In order to better formulate the data forwarding process through a lifetime-based metric, we define the network epoch. A network epoch j is characterised by the time J (\(\tau \) divides J) elapsed between two consecutive, significant changes in the main network operational parameters. A characteristic example of such change is a sharp increase of \(\epsilon _{uv}\) between two consecutive time cycles, due to sudden, increased interference on node u, which in turn leads to increased retransmissions on edge (uv) and thus higher energy consumption. In other words, \(\frac{\epsilon _{uv}(\tau ) - \epsilon _{uv}(\tau -1)}{\epsilon _{uv}(\tau )} > \gamma \), where \(\gamma \) is a predefined threshold. During a network epoch, (all or some of) the nodes initially take part in a configuration phase (central or distributed), during which they acquire the plan for the data distribution process by spending an amount of \(e_u^{\text {cfg}}\) energy for communication. Then, they run the data distribution process. A network epoch is thus comprised of two phases: Configuration phase. During this initial phase, the nodes acquire the set of neighbours from/to which they must receive/forward data pieces in the next epoch. Data forwarding phase. During this phase the data pieces are circulated in the network according to the underlying network directives.

Network epochs are just an abstraction that is useful for the design and presentation of the algorithmic functions, but does not need global synchronisation. As it will be clear later on, each node locally identifies the condition for which an epoch is finished from its perspective, and acts accordingly. Different nodes “see” in general different epochs. Although some events which affect the epoch duration cannot be predicted and thus controlled, we are interested in the events which could be affected by the data distribution process and which could potentially influence the maximum epoch duration. We observe that an epoch cannot last longer than the time that the next node in the network dies. Consequently, if we manage to maximise the time until a node dies due to energy consumption, we also make a step forward for the maximisation of the epoch duration.

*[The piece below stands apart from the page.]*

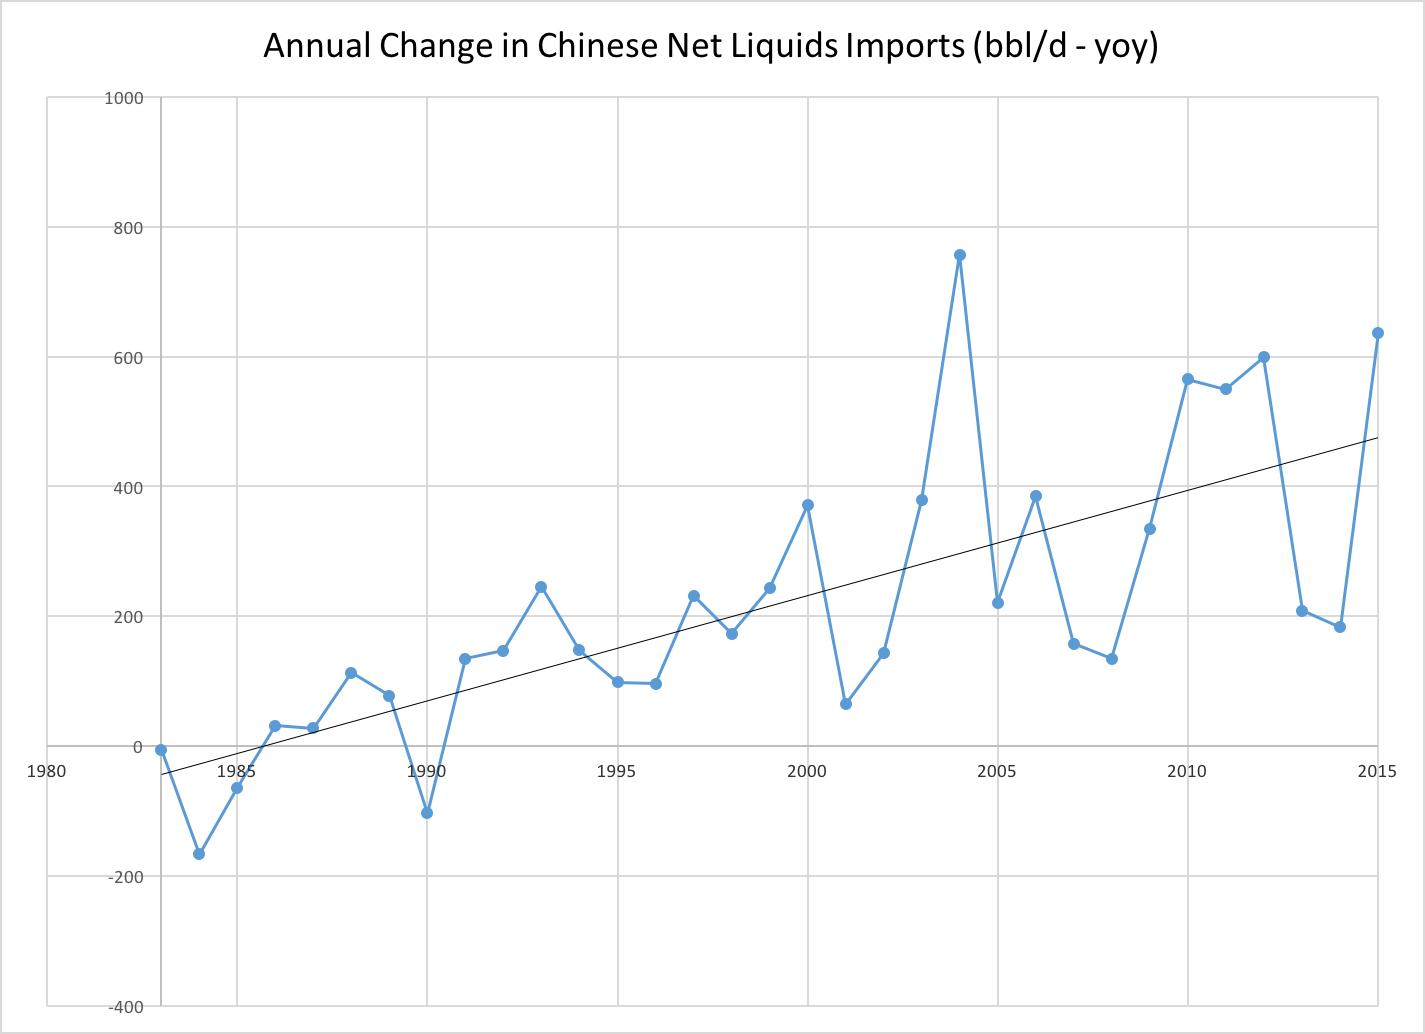 Source: IEA data

We now define the maximum epoch duration, as it can serve as a useful metric for the decision making process of the distributed path reconfiguration. The maximum epoch duration is the time interval between two consecutive node deaths in the network. Specifically, each epoch’s duration is bounded by the lifetime of the node with the shortest lifetime in the network, given a specific data forwarding configuration. Without loss of generality, we assume that the duration of the configuration phase equals \(\tau \). We define the variables, \(x^{ij}_{uv}\) which hold the necessary information regarding the transmission of the data pieces across the edges of the graph. More specifically, for epoch j, \(x^{ij}_{uv} = 1\) when edge (uv) is activated for data piece \(D_i\). On the contrary, \(x^{ij}_{uv}=0\) when edge (uv) is inactive for the transmission of data piece \(D_i\). We denote as \(a^j_{uv} = \sum _{i = 1}^{d} r_i x^{ij}_{uv}\) the aggregate data rate of (uv) for epoch j. Stacking all \(a^j_{uv}\) together, we get \(\mathbf {x}_u^j = [a^j_{uv}]\), the data rate vector of node u for every \(v \in N_u\). Following this formulation (and if we assumed that \(J \rightarrow \infty \)) the maximum lifetime of u during epoch j can be defined as:

$$\begin{aligned} T_u(\mathbf {x}_u^j) = {\left\{ \begin{array}{ll} \frac{E^j_u}{\sum _{v \in N_u} \epsilon _{uv} a^j_{uv}} &{} \quad \text {if } E^j_u > e_u^{\text {cfg}}\\ \tau &{} \quad \text {if } E^j_u \le e_u^{\text {cfg}}\\ 0 &{} \quad \text {if } E^j_u = 0 \end{array}\right. }, \end{aligned}$$
(1)

where \(e_u^{\text {cfg}}\) is the amount of energy that is needed by u in order to complete the configuration phase. Consequently, given an epoch j, the maximum epoch duration is \(J_{\text {max}} = \min _{u \in V} \left\{ T_u(\mathbf {x}_u^j) \mid \sum _{v \in N_u} x^{ij}_{uv} > 0\right\} \).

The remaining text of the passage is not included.